I need a scrape expert. I'm looking at scraping [url removed, login to view] and obtaining the following attributes stored in a CSV file:
Main category title
Sub category title
Item photo filename (filename only not URL)
* Download of the main product image into /imgs/ named the filename above
The script will begin here:
[url removed, login to view]
1. Your duty will be to scape all the "sub-categories" of each main category
2. Your scrape will take 1,000 items per category (this requires your script to visit the "next pagination" to obtain more results if 1,000 hasn't been reached yet. I believe they show 30 per page.

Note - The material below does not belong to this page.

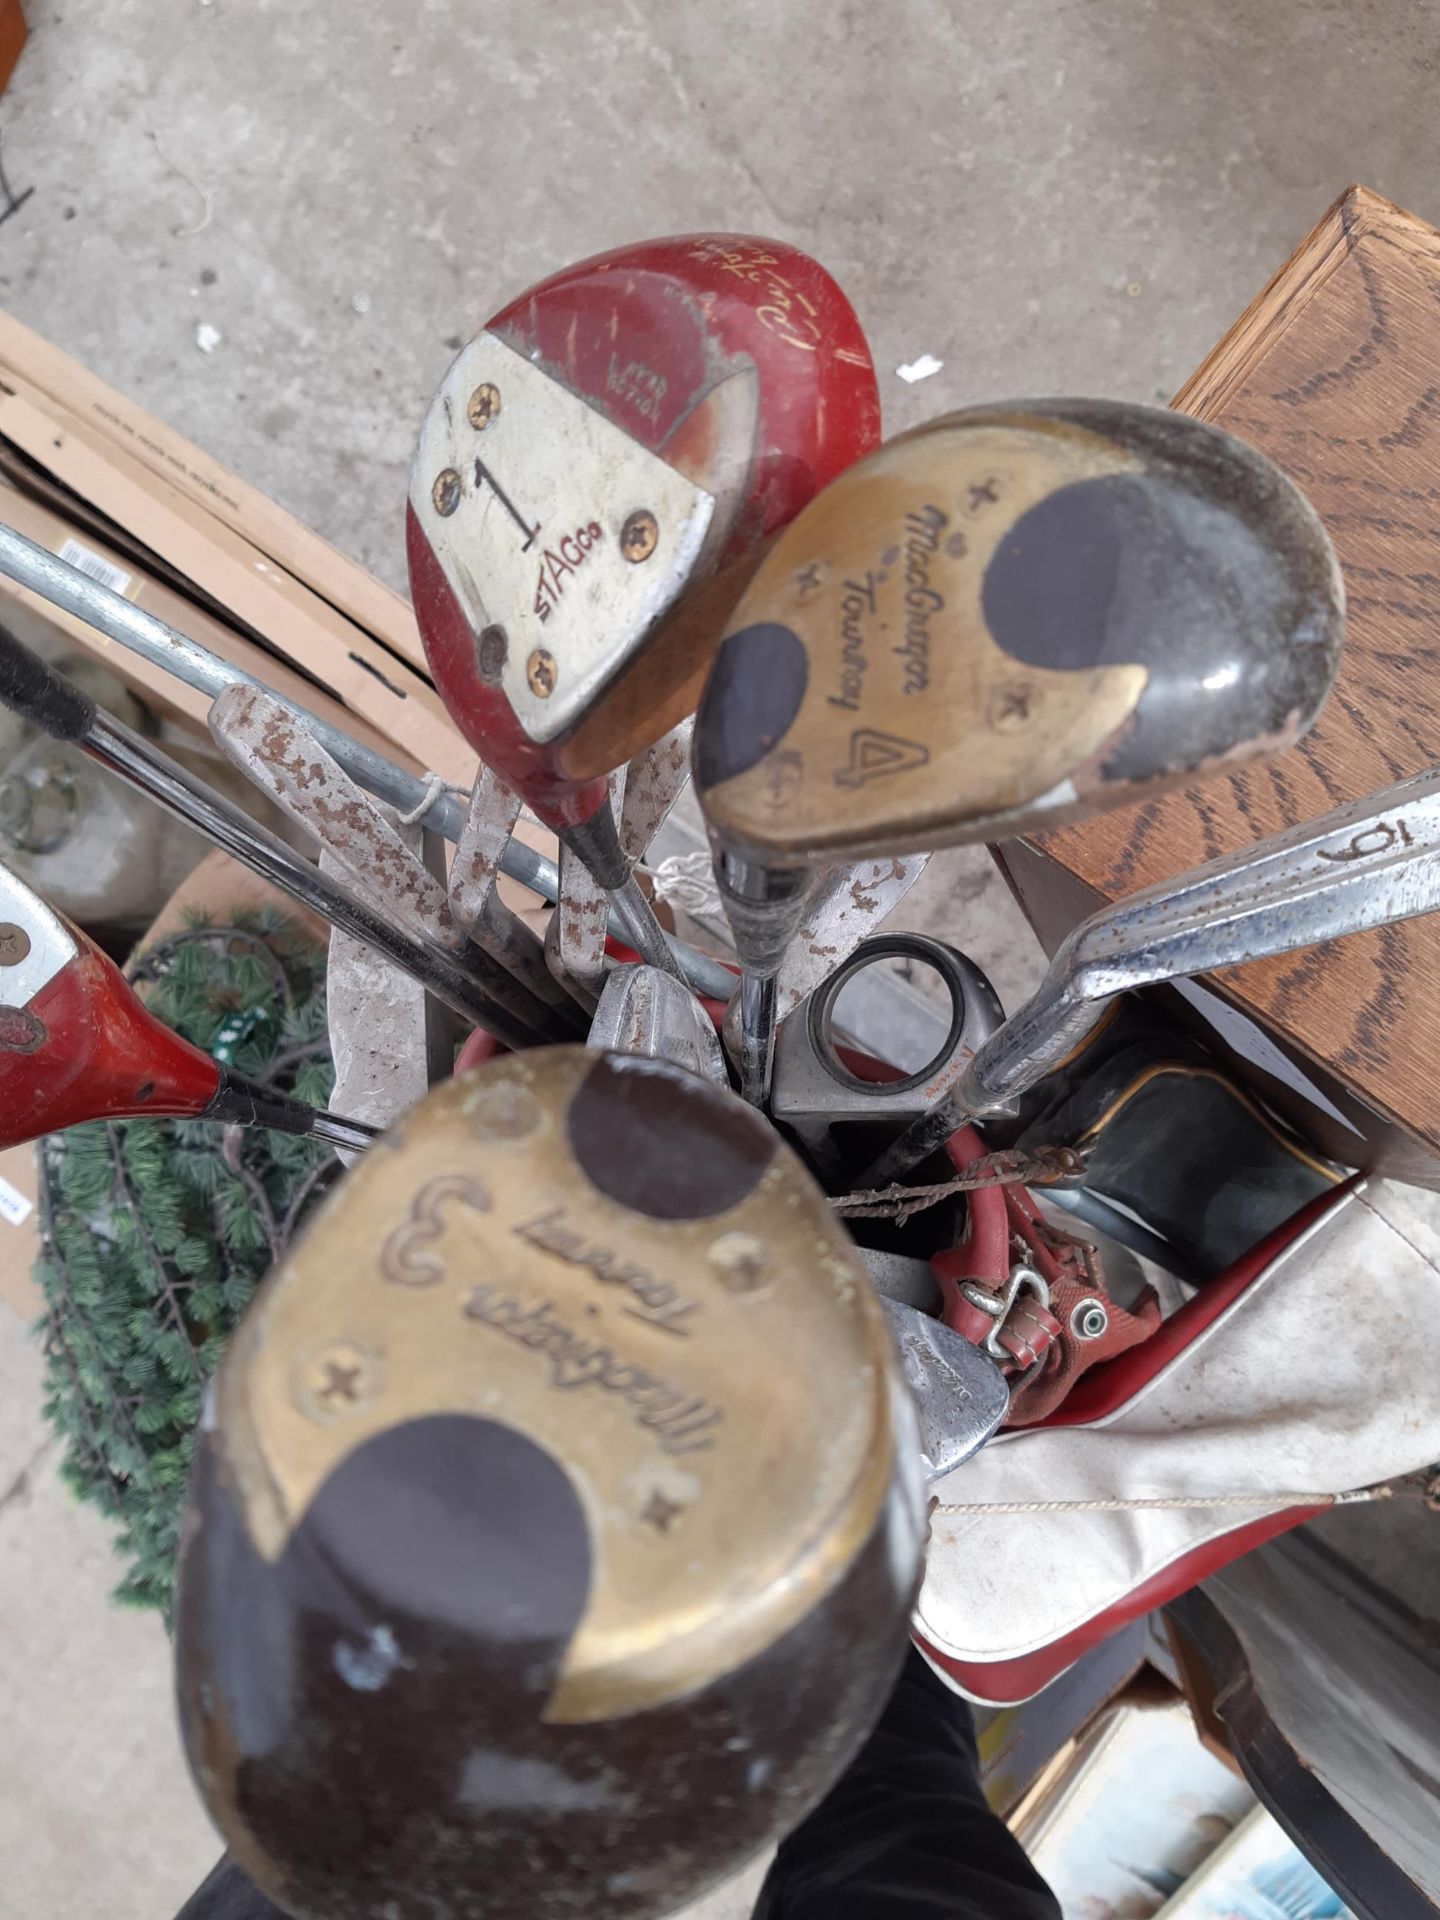 A VINTAGE GOLF BAG AND AN ASSORTMENT OF VINTAGE GOLF CLUBS ETC - Image 4 of 4

3. For each result of 30 items per page, your script must visit the "item detail page for each item" and scrape the image filename of the picture, download of the product photo to be saved into /imgs/[url removed, login to view] locally, price, shipping cost, title and description. The CSV will simply store the filename of the image but also requires downloading it into /imgs/filename.jpg.. this is very important we have the pictures locally saved.
I need the photo since these listings may expire and when I import my CSV the images may be dead.. so I need them to be downloaded and stored in /imgs/
4. Some "categories" don't have 1,000 items within, so just move to the next category.
At the end, I should expect a CSV format like:
'Main category title','Category title','Product title','Product description','Price','Shipping','Condition','Item photo filename'
and also a /img/ folder with all the item photo filenames as specified in the CSV above.
Please be sure your script escapes single quote ' characters with \' so it doesn't break the CSV formatting for the fields..
Looking forward for a quick turn around.